Goal of the exercise: Exact copies of the lines below are the goal; any images in them are dropped.

Recorded information:
☆ ☆ ☆ ☆ ☆

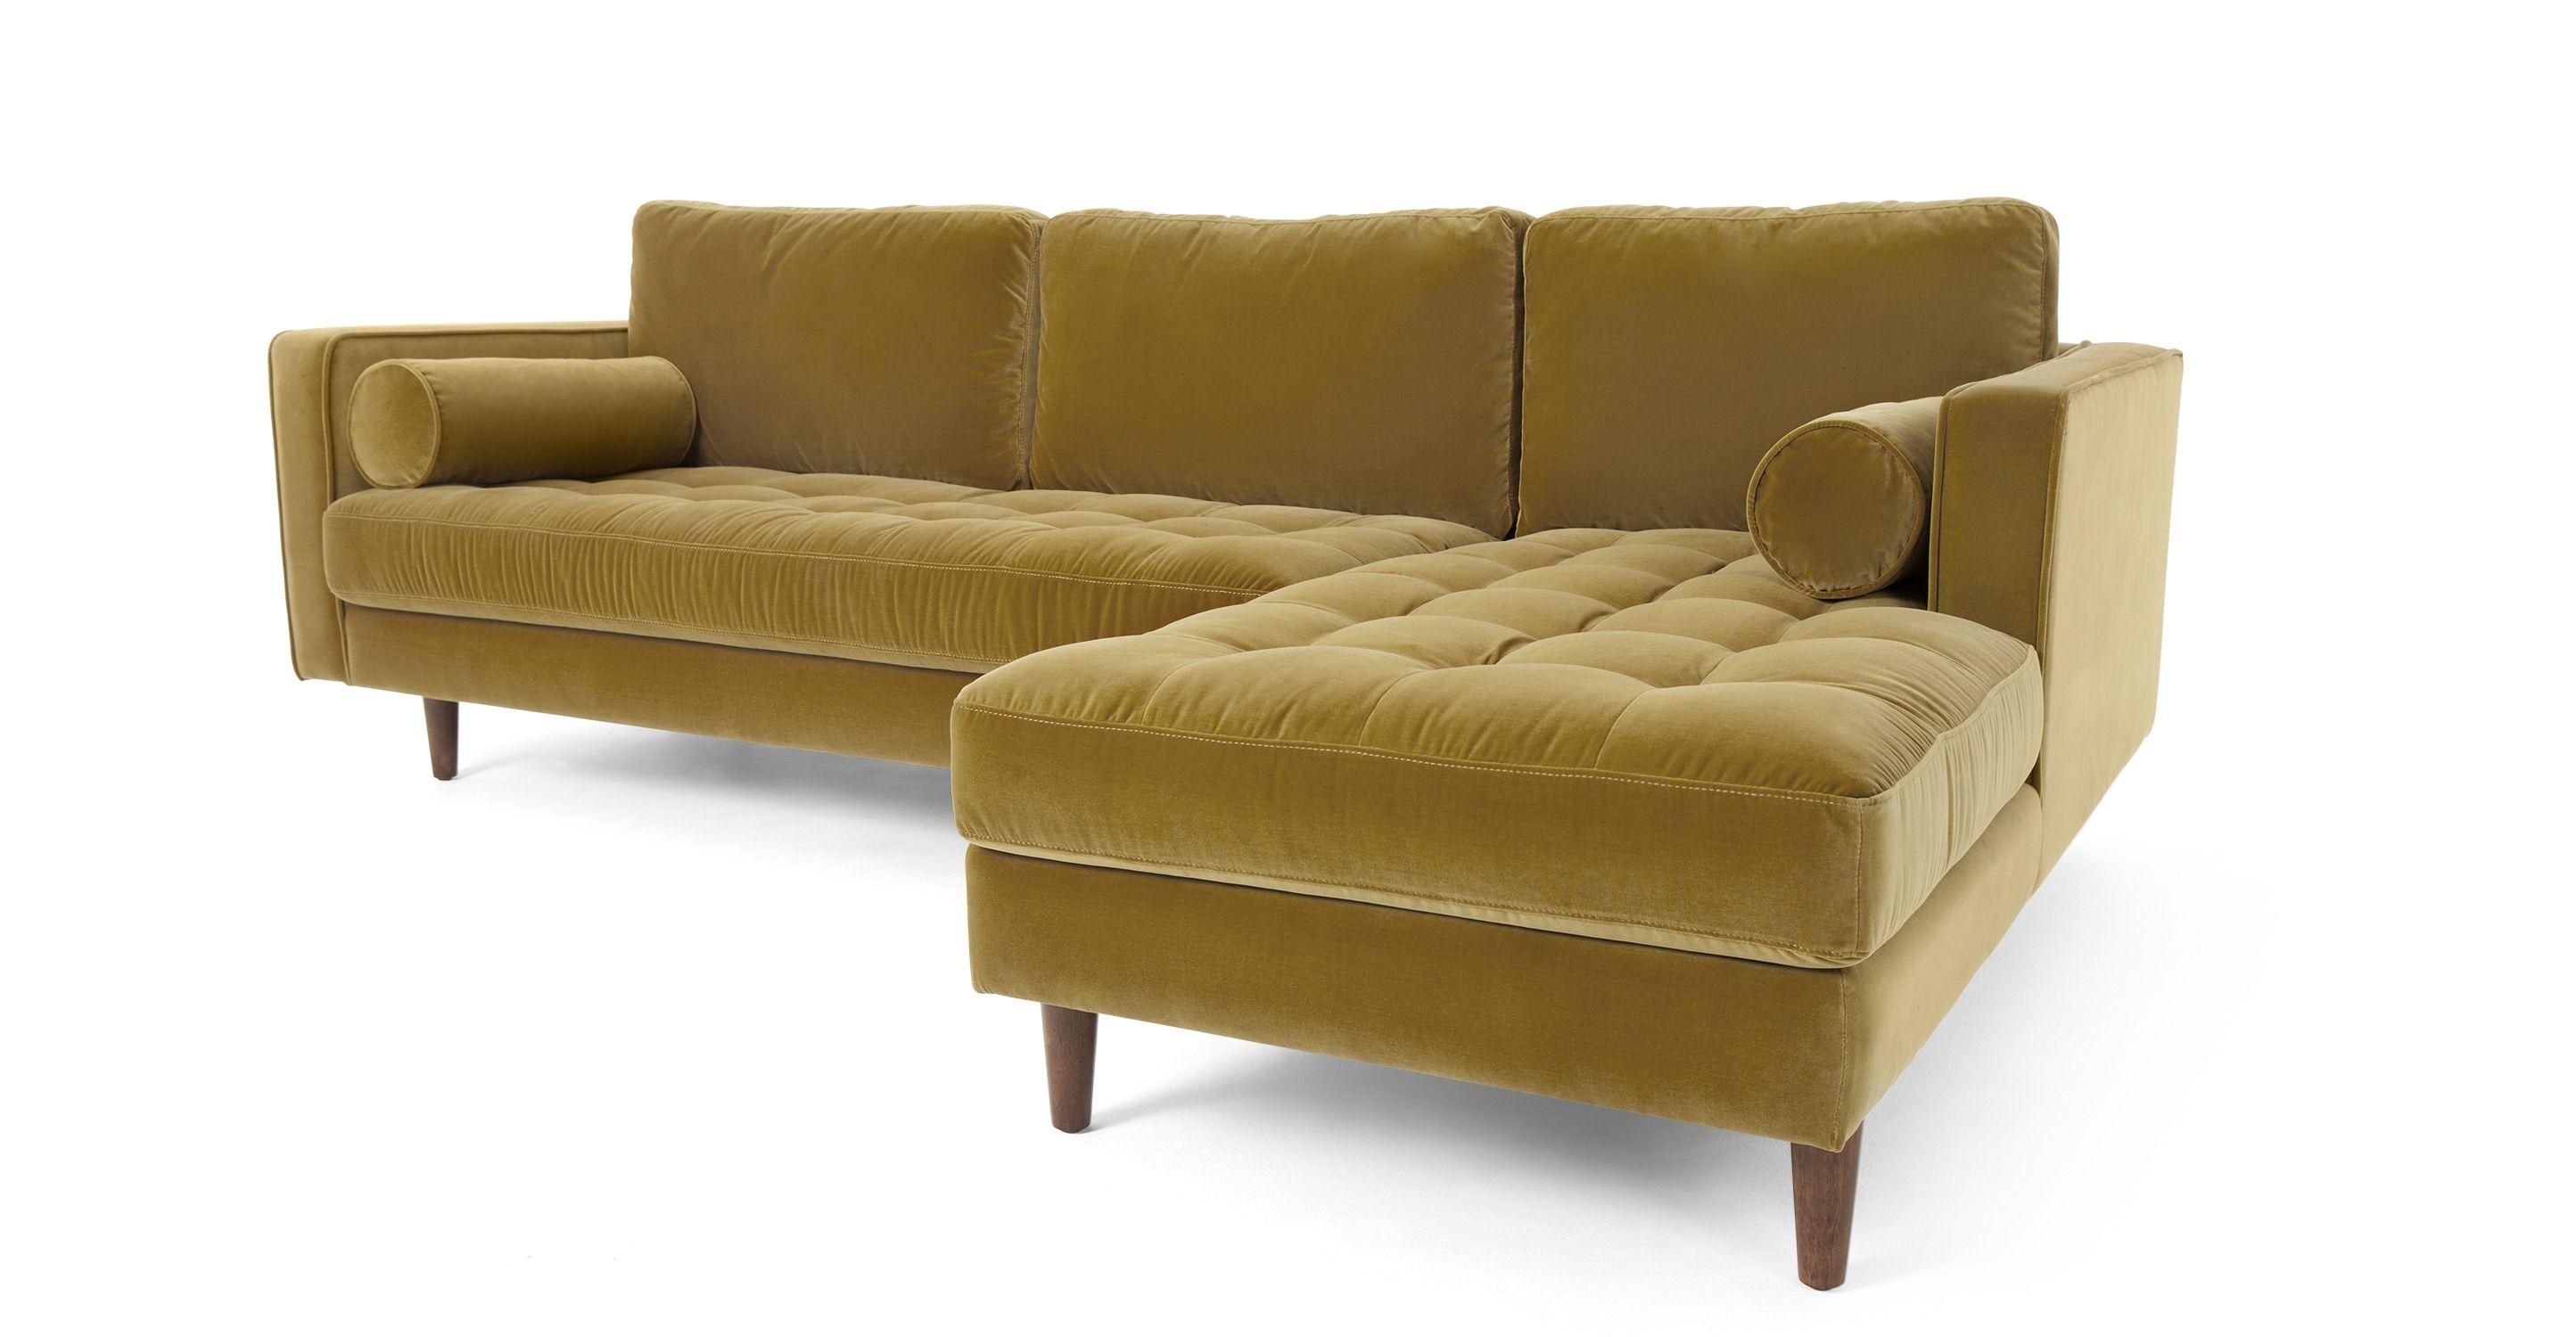 Sofa Wohnzimmer ~ Scott ecksofa récamiere rechts samt in gold made jetzt
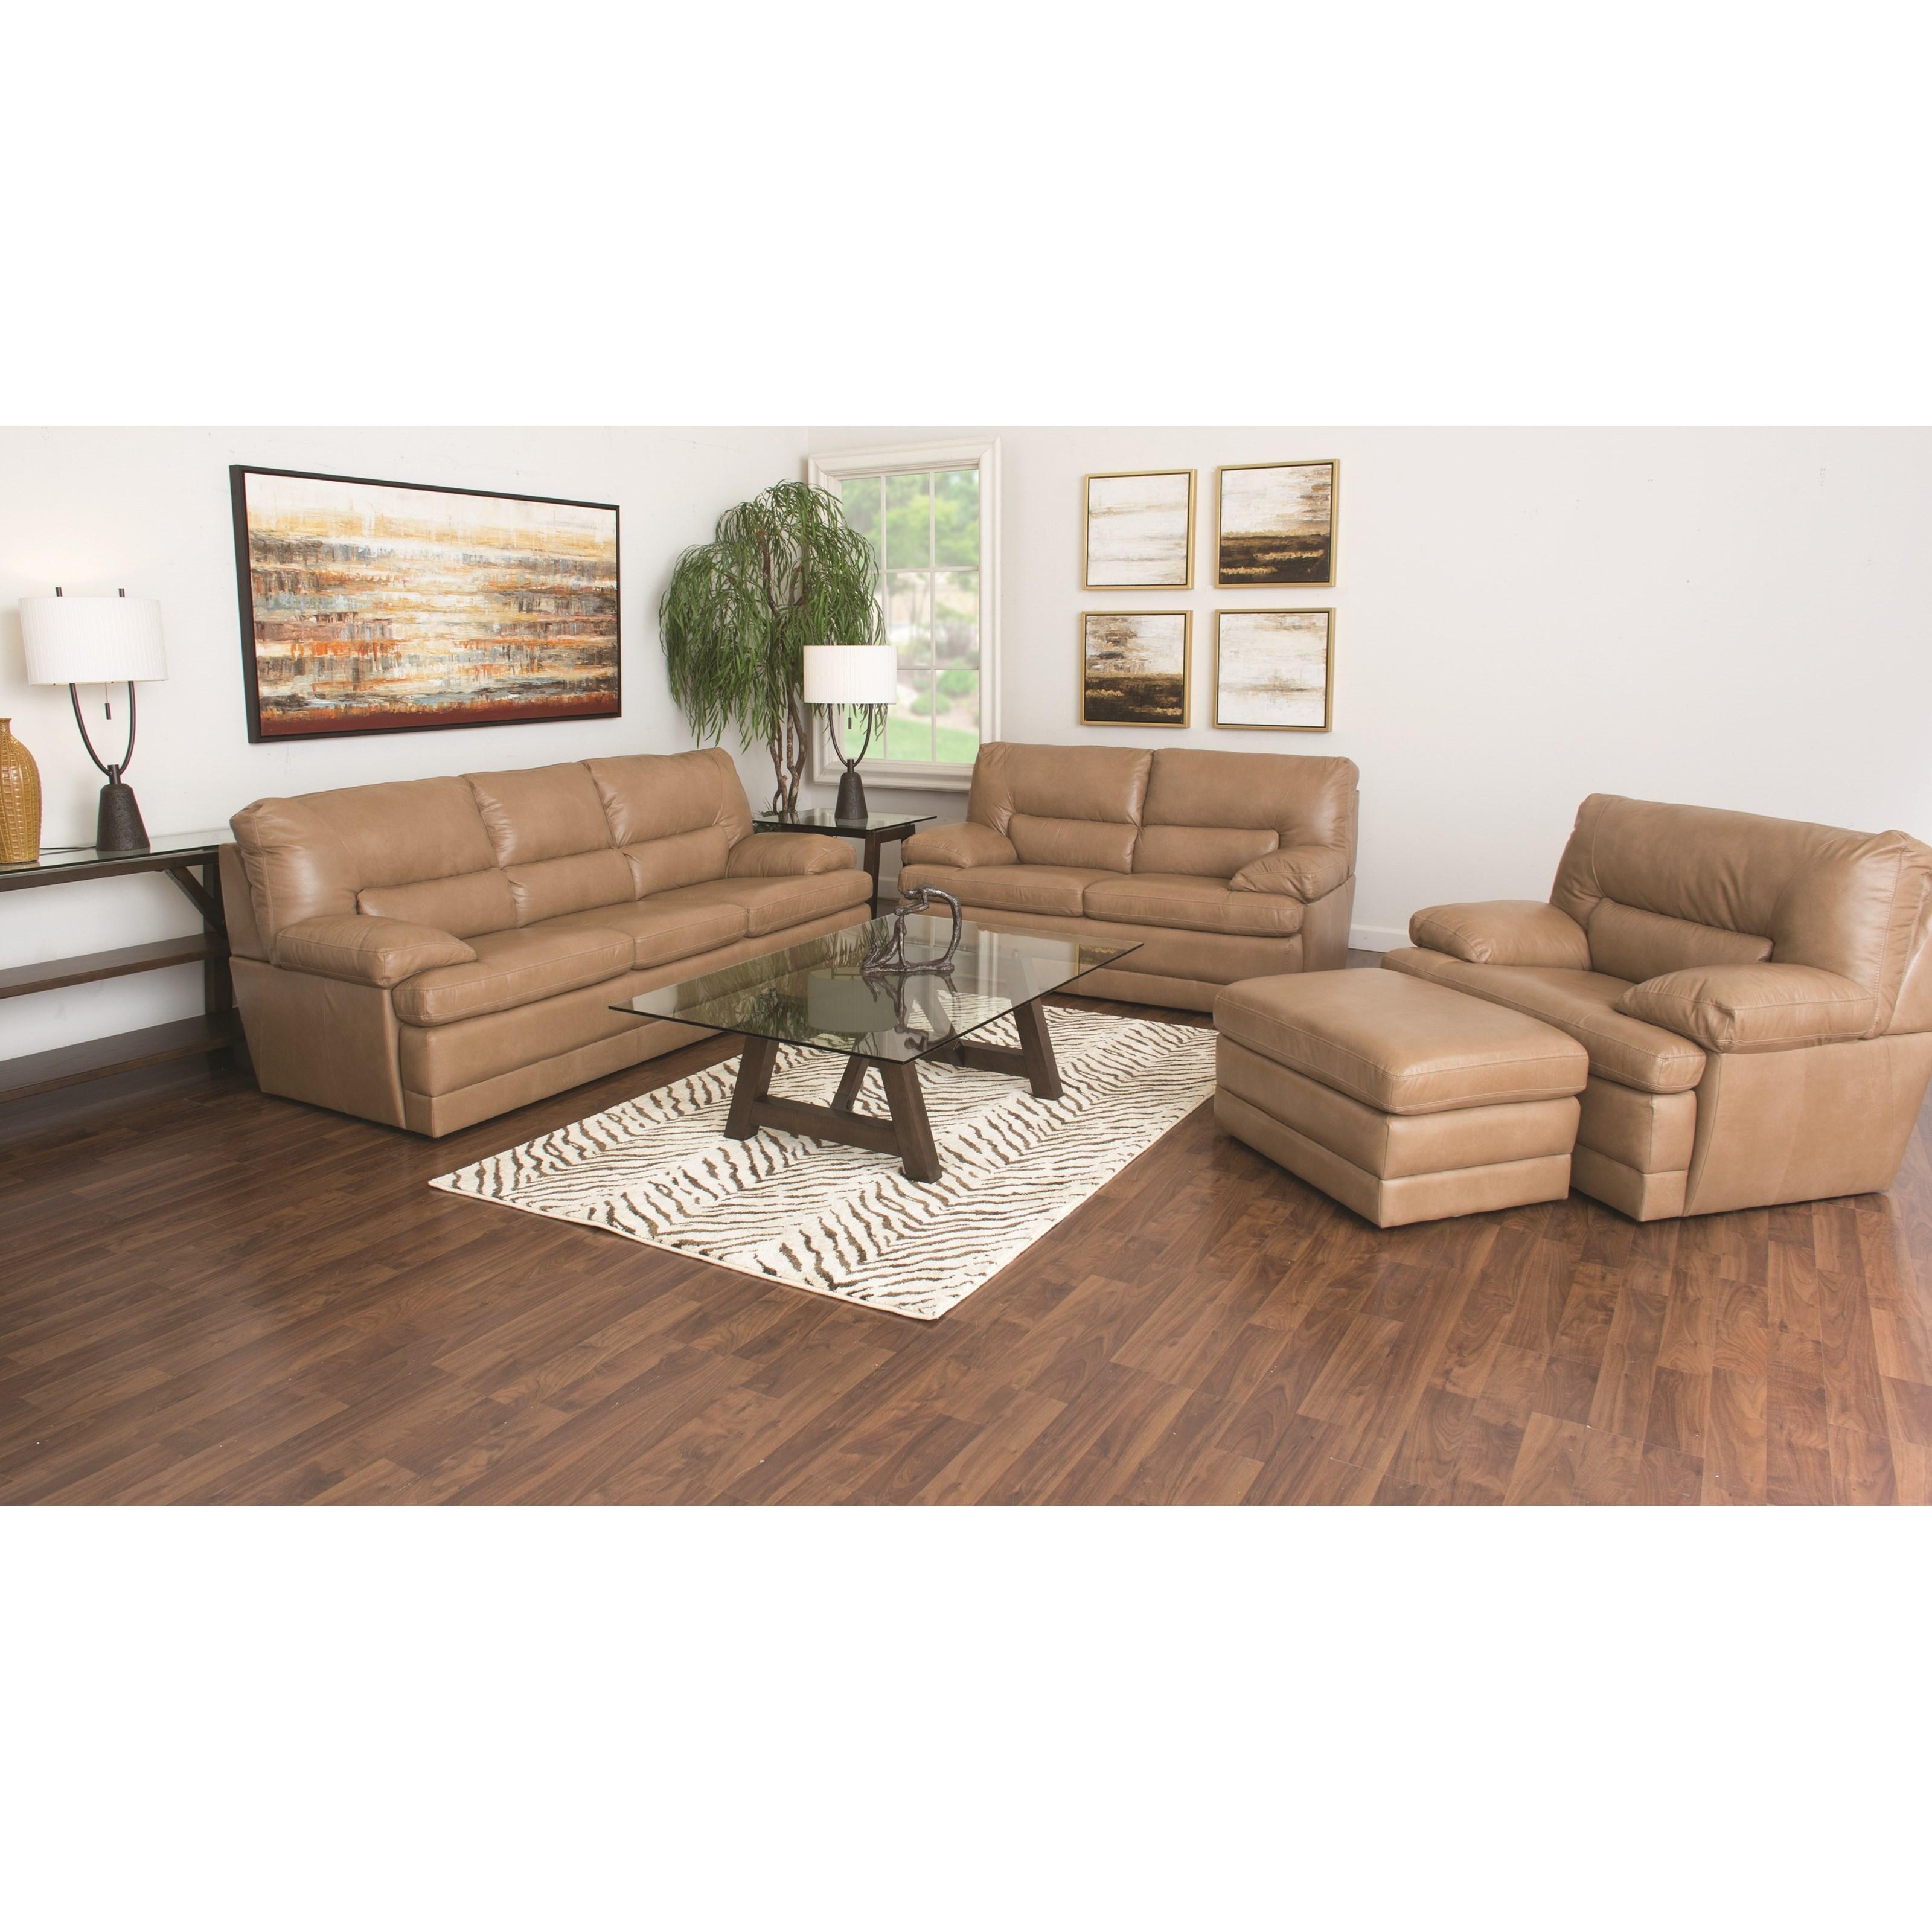 Palliser Northbrook Stationary Living Room Group Olinde
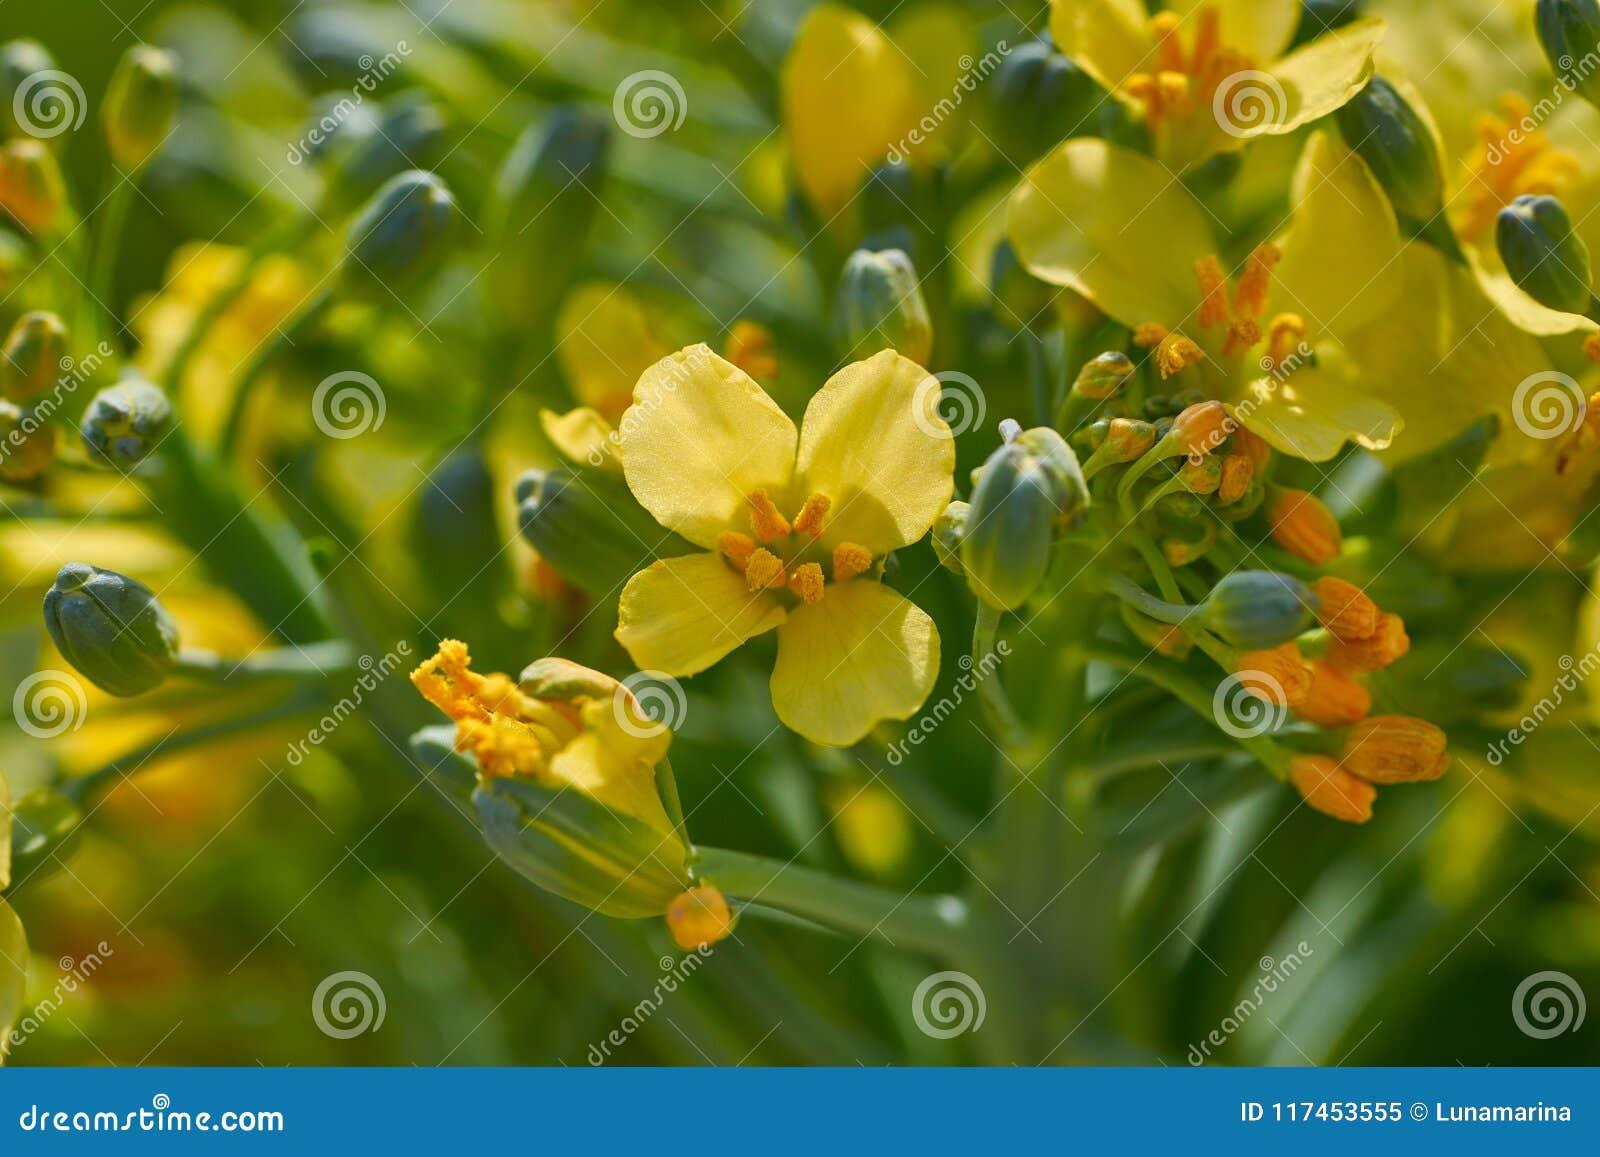 Broccoli yellow flowers macro detail stock image image of fresh broccoli yellow flowers macro detail mightylinksfo

☆ ☆ ☆ ☆ ☆

Written response:
 Sofa Wohnzimmer ~ Scott ecksofa récamiere rechts samt in gold made jetzt
 Palliser Northbrook Stationary Living Room Group Olinde
 Broccoli yellow flowers macro detail stock image image of fresh broccoli yellow flowers macro detail mightylinksfo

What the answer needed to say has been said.